Еще один бессмысленный диалог, который повторяется регулярно: Ника ноет, что невозможно, когда у тебя всего одни повседневные туфли – коричневые. А я в ответ начинаю нудеть: а сколько тебе надо пар туфель – пять? У тебя ж не десять ног. У всех по одной повседневной удобной паре и по одной нарядной – правила для всех одинаковые. А она: я – не все. А я: ты сама выбрала коричневые. Или: а что, лучше как раньше, когда вся планета завалена горами выброшенного барахла? На что Ника обычно поджимает губы: «Я не про планету говорю, а про наш собственный шкаф». Или демонстративно хлопает дверью.
Повторять все это мне сейчас не хотелось. И я просто ответила:
– Нет, меня не задолбало.
Ника осеклась. Вздохнула. Сказала уже миролюбиво:
– Слушай, не простыла бы. В туфлях. Там дубак.
– Апрель! – возразила я.
– Первое апреля, – уточнила Ника.
Обычно уточнять приходится мне. Я улыбнулась:
– Ладно. Тогда велик отменяется. Поеду на трамвае. Чтобы не простыть.
Ника постучала сапогом о сапог. Лицо деловое, почти счастливое. Наконец она может что-то проконтролировать, сделать, завершить. Пусть это всего лишь и подошва.

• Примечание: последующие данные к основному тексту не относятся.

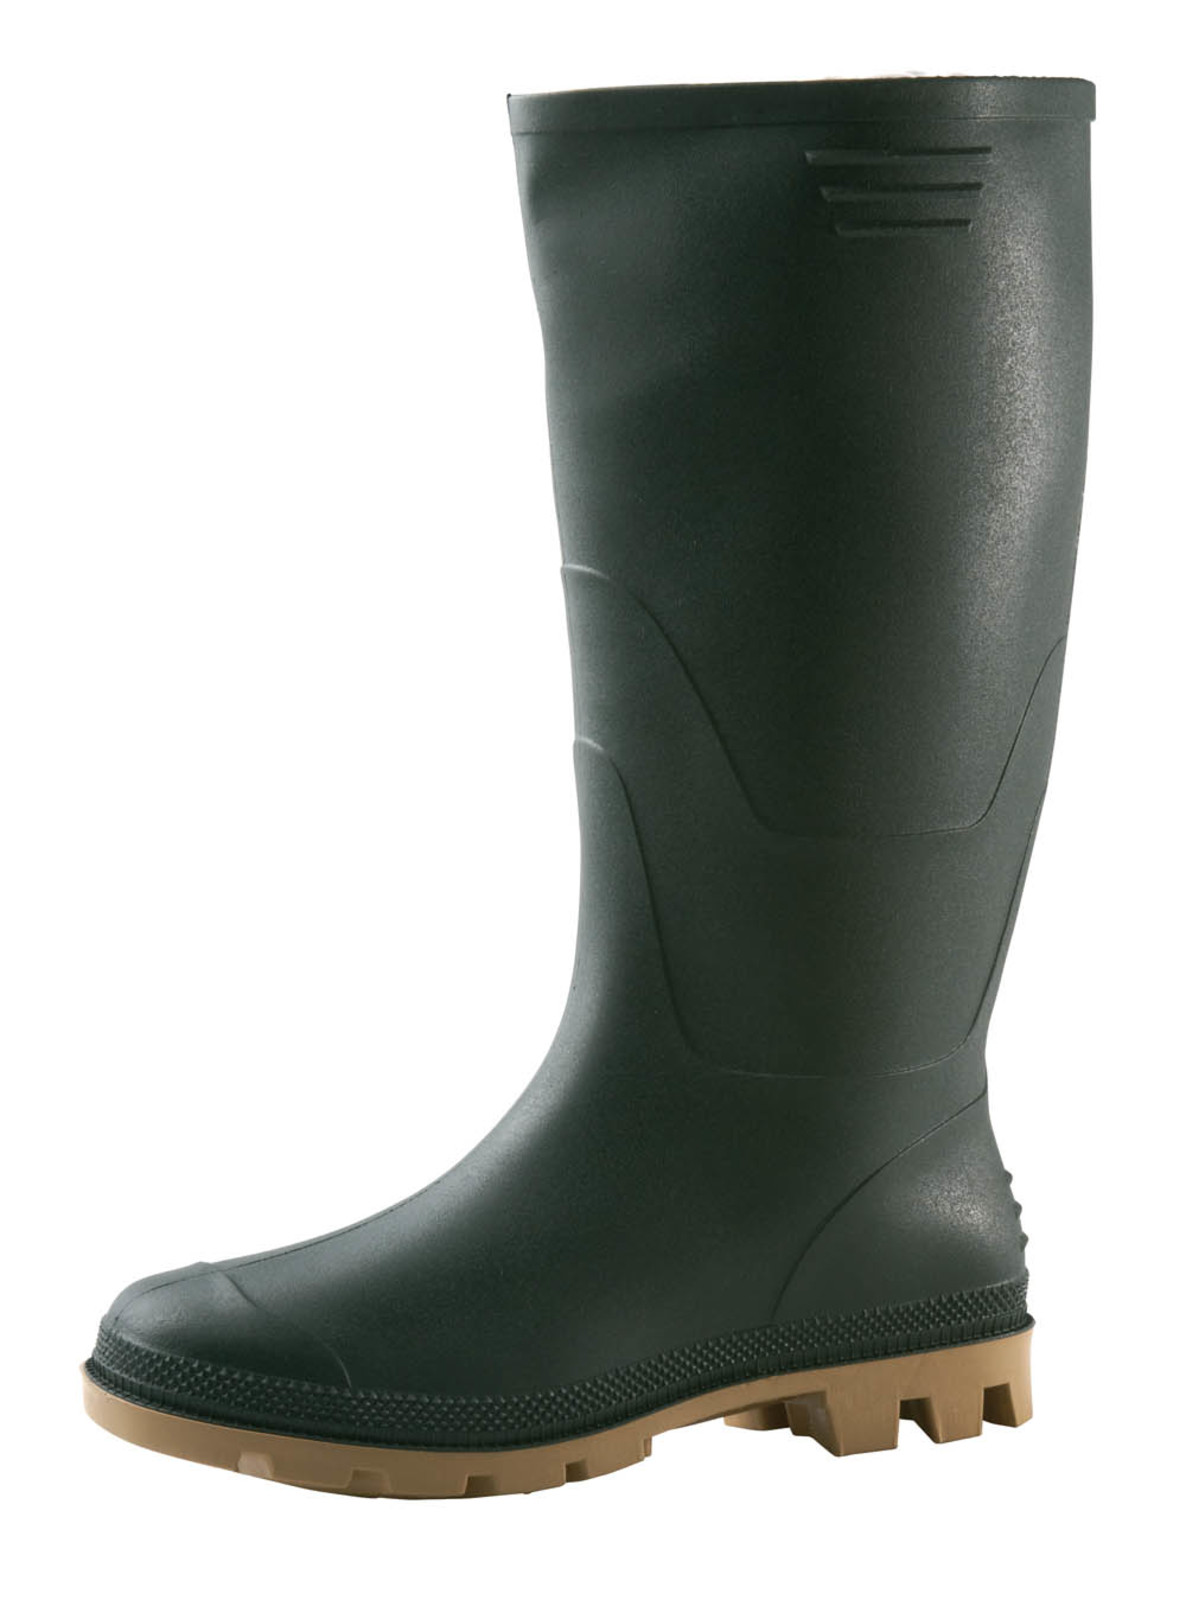 Gumáky Boots Ginocchio PVC - veľkosť: 43, farba: zelená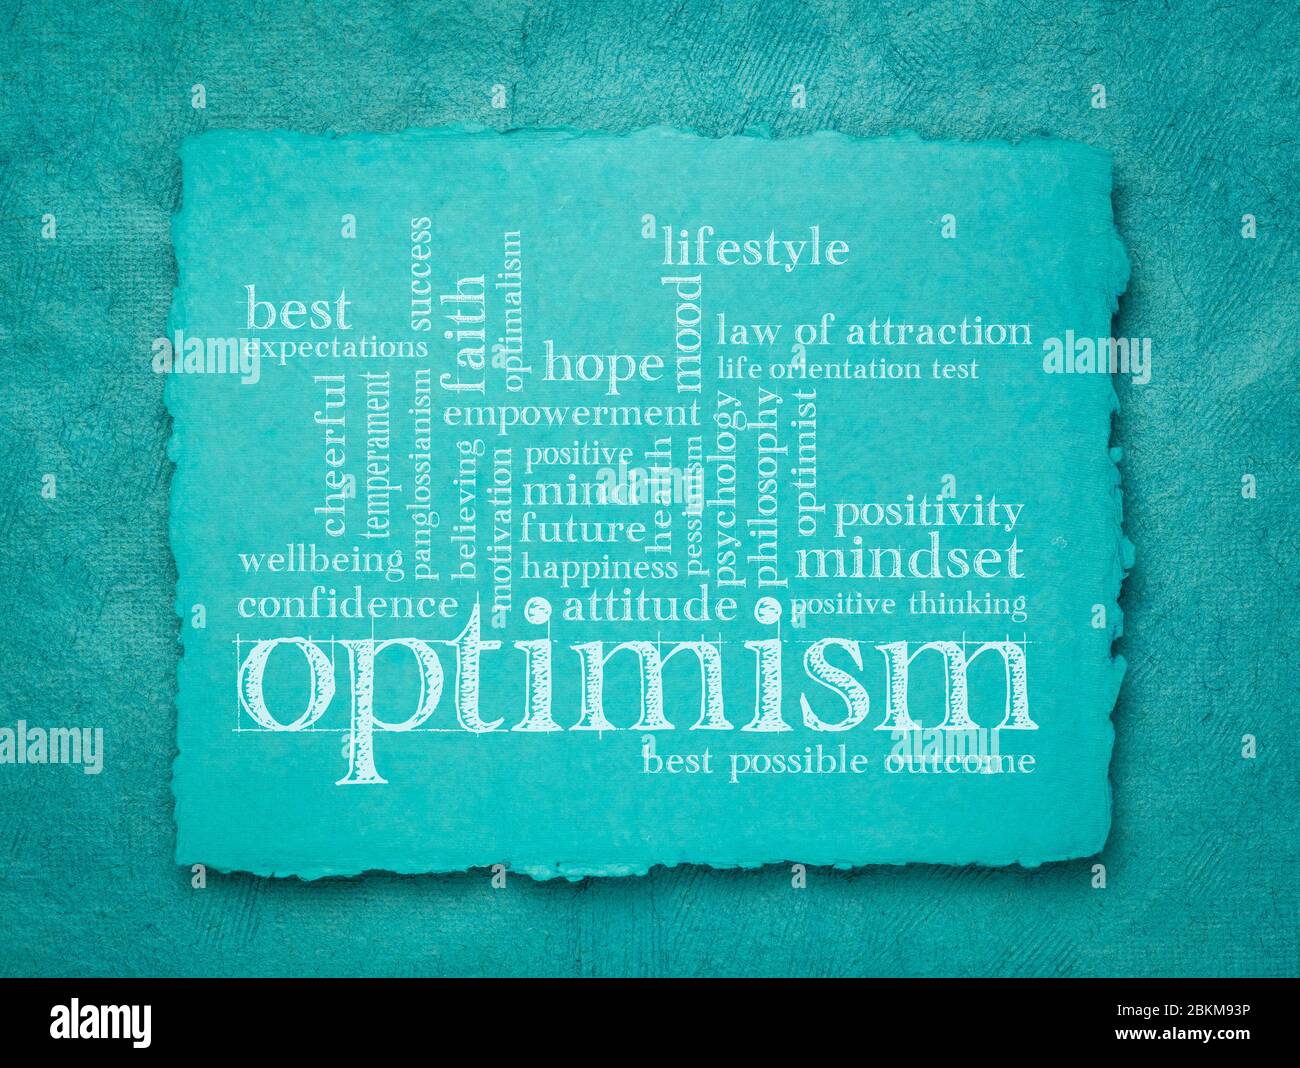 Optimismus Wort Wolke - Handschrift auf einem blauen handgefertigten Papier, Lifestyle, Hoffnung und Positivität Konzept Stockfoto

– Опаздываю – жутко! – Я схватила сумку, намотала шарф.
Ника рассеянно ответила на мой поцелуй: сапоги она прижимала к груди, а мыслями была уже в процессе починки.
Мы с Никой надеялись, что, когда родим ребенка, сможем подать заявку на переезд в таунхаус. У семей с детьми – приоритет на получение личного маленького садика. Это, конечно, мечта. Но нам выпал мальчик. Значит, пока не судьба, продолжим бегать вверх-вниз по лестнице.
Туфли уже слегка размягчились по ноге, а я шла и все оттачивала реплики, которые могла бы бросить Нике.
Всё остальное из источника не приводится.